Colagem sobre Shop Until You Drop, de Bansky (2011) | Imagem: Wikipedia

“Estamos a tal ponto dopados por essa realidade nefasta de consumo e entretenimento que nos desconectamos do organismo vivo da Terra”, em virtude da concepção de progresso linear que define nossa ideia de tempo “como uma flecha – sempre indo para algum lugar”, essa é a “base do nosso engano” (Krenak, 2020, p.18 e 70).

Essa afirmação pode ser associada à mudança do regime de historicidade, em que a articulação moderna entre passado, presente e futuro é modificada em direção à uma relativamente nova consciência histórica, decorrente do declínio da noção de progresso e do advento da “consciência de uma catástrofe produzida pelo homem’’ (Bervenage, 2018, posição 880).

Nesse último trecho, Ailton Krenak se aproxima das ideias de Walter Benjamin (1985, p.229), quando, em suas teses sobre o conceito da história, afirma que a “ideia de um progresso da humanidade na história é inseparável da ideia de sua marcha no interior de um tempo vazio e homogêneo.

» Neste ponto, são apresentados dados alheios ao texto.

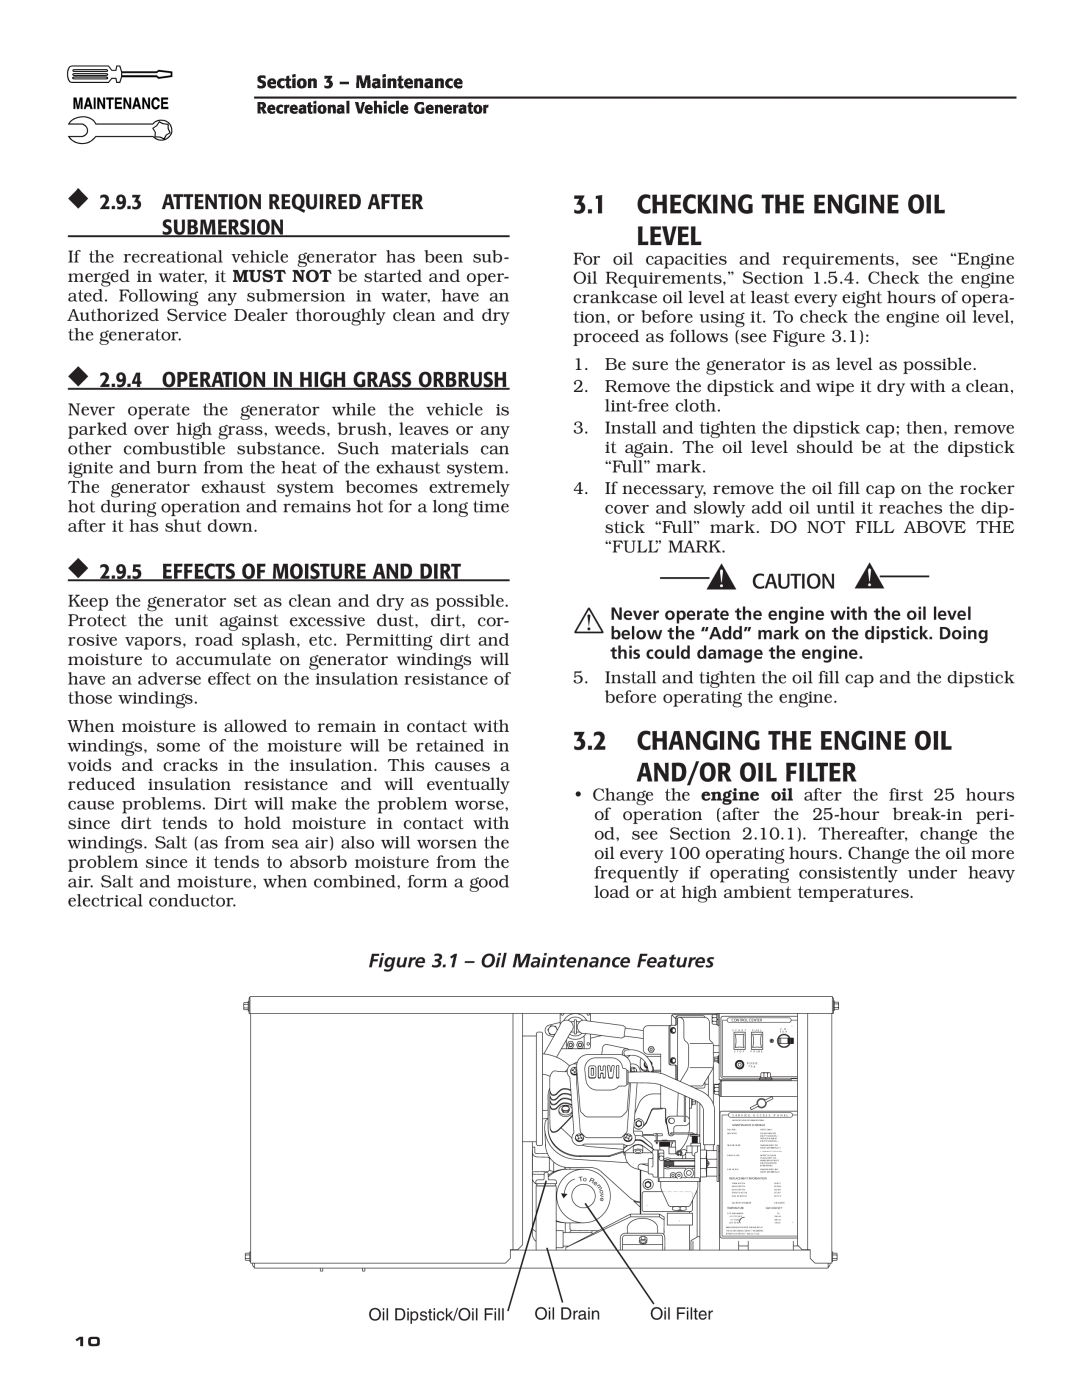 Guardian Technologies 004701-0 owner manual 3.1CHECKING the ENGINE OIL LEVEL, 3.2CHANGing the ENGINE OIL and/or Oil Filter

A crítica da ideia do progresso tem como pressuposto a crítica da ideia dessa marcha.”

Como Benjamin enviou um “texto na garrafa” para a posteridade, penso que os livros de Krenak têm a mesma função de testemunho e testamento dos nossos tempos também sombrios, a exemplo daqueles textos do pensador alemão. Como assinalou Márcio Seligman-Silva sobre W. Benjamin (2020, p.8), “Existe um túnel curto que nos conecta a seu tempo de fascismos e necropolítica. Sua ‘atualidade’ é absoluta.”

Ambos perceberam que “o passado comportava outros futuros além deste que realmente ocorreu”, pois ao “resgatar do esquecimento aquilo que teria podido fazer de nossa história uma outra história”. Desse modo, a história a “contrapelo” proposta por Benjamin também é defendida por Krenak no sentido de que escrever “a história dos vencidos exige a aquisição de uma memória que não consta nos livros da história oficial” e, portanto, temos que “fazer emergir as esperanças não realizadas desse passado, inscrever no nosso presente seu apelo por um futuro diferente” (Gagnebin, 1982, p.60 e 67).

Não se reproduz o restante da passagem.